Emil Salim, Keynote Speaker dalam konferensi menyampaikan, sektor migas adalah sektor tertutup sehingga tidak transparan. Tidak transparannya sektor migas, dikarenakan hanya orang-orang tertentu yang mengerti teknis pertambangan. Emil juga menyoroti aspek desentralisasi yang memperbesar praktek korupsi.

“Setelah izin tambang dikeluarkan oleh Bupati, ada persekongkolan antara pengusaha tambang dan pemerintah daerah terkait dana kampanye.
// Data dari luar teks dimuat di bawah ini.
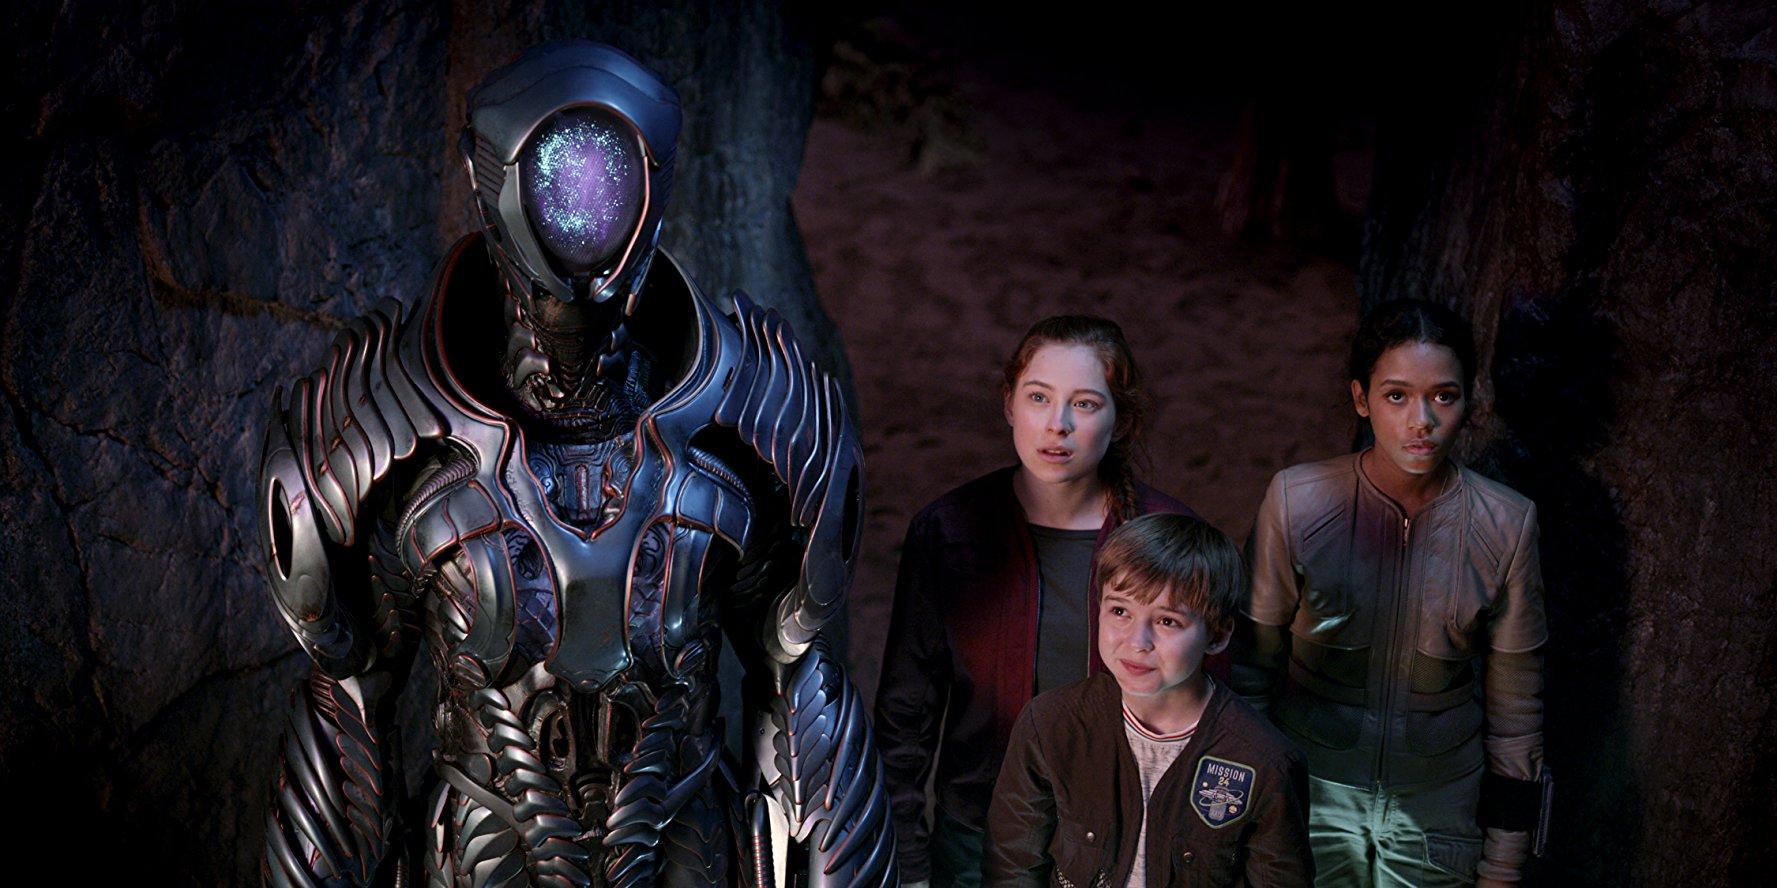 Lost In Space: série é renovada para a 3ª e última temporada
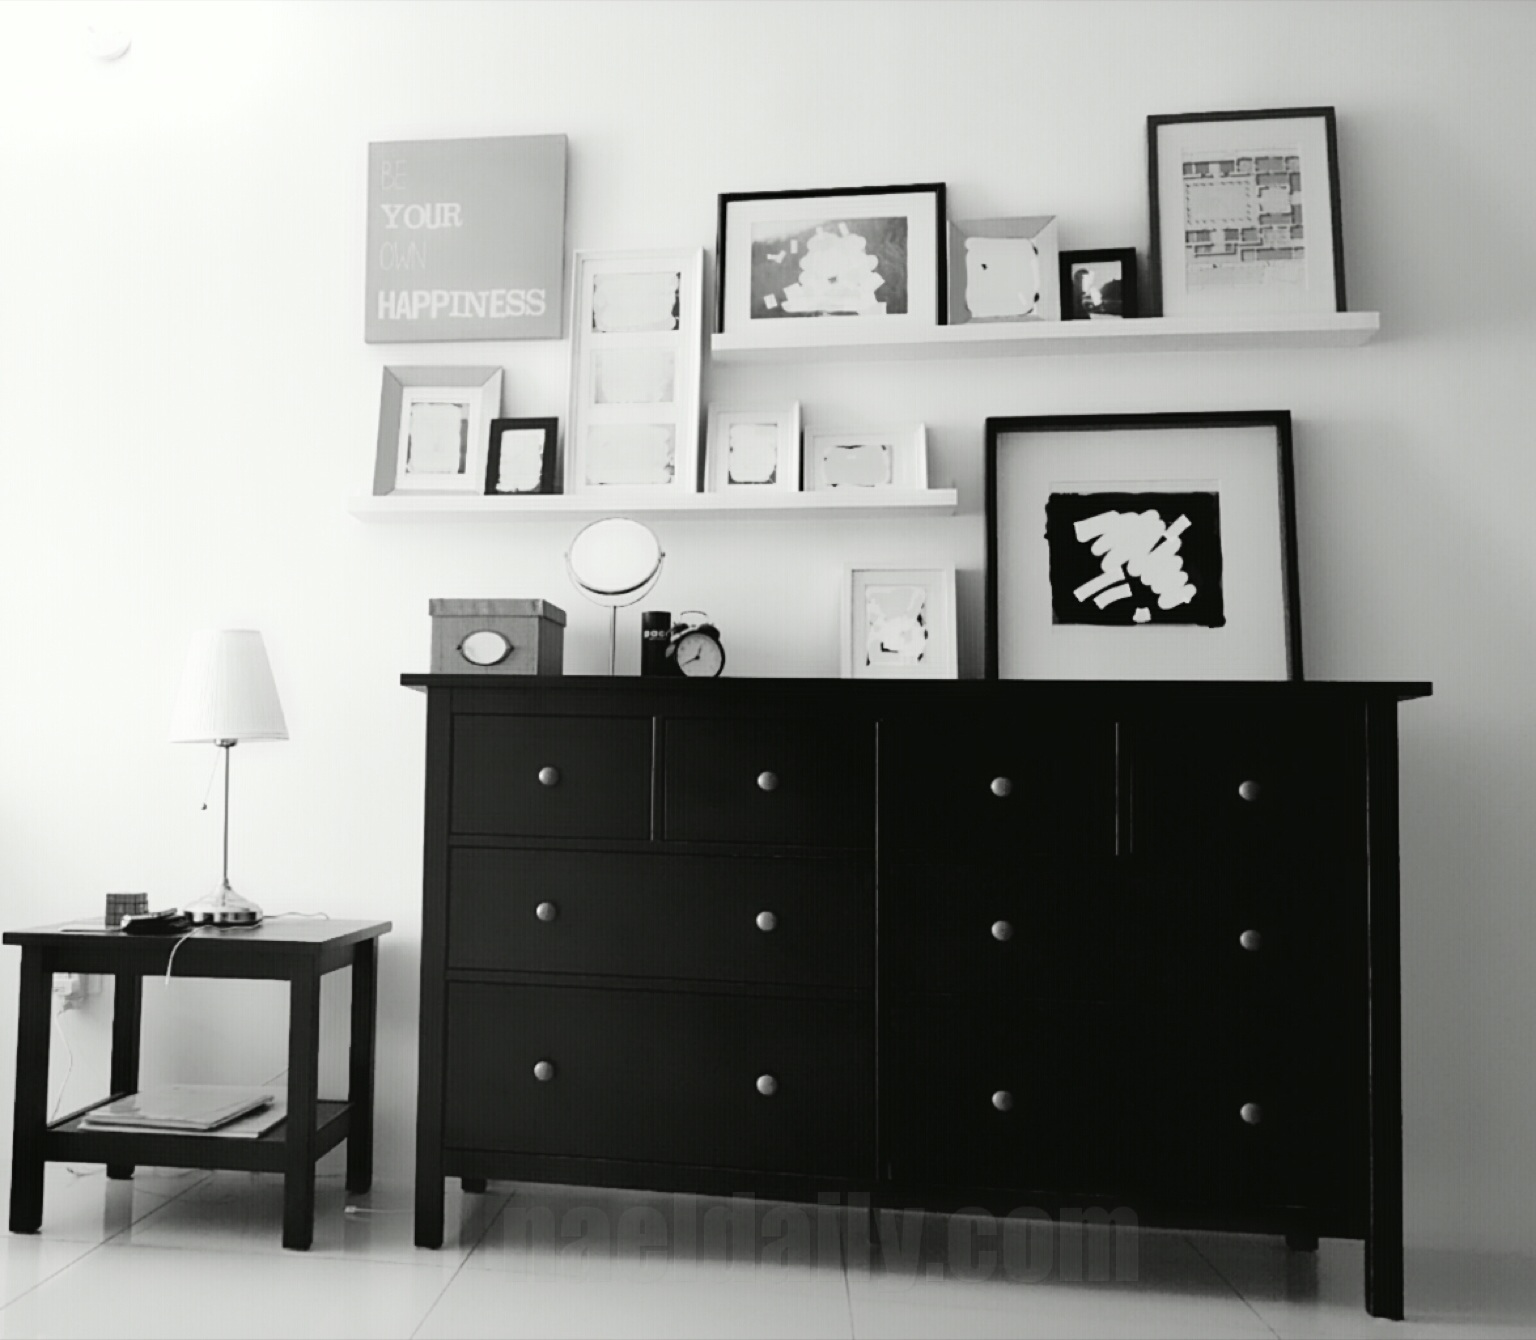 Wall Decor Of Ikea Picture Ledge

Sehingga tranparansi menjadi kunci pemberantasan korupsi di sektor ekstraktif.” jelasnya.

Konferensi ini juga dihadiri oleh narasumber dari sekretariat Ketua Komisi Energi DPR RI, Extraktive Transparency Industry Initiative (EITI) Indonesia, Kantor Staff Presiden RI, Kemenko Perekonomian RI, SKK Migas, Kementrian ESDM, Kementrian Keuangan, BKPM, Kemendagri, Pemkab. Bojonegoro, Pemkab. Indragiri Hulu, KPK, Pemprov Aceh, Pemprov Jatim, Pemprov Kaltim, dan perwakilan CSO.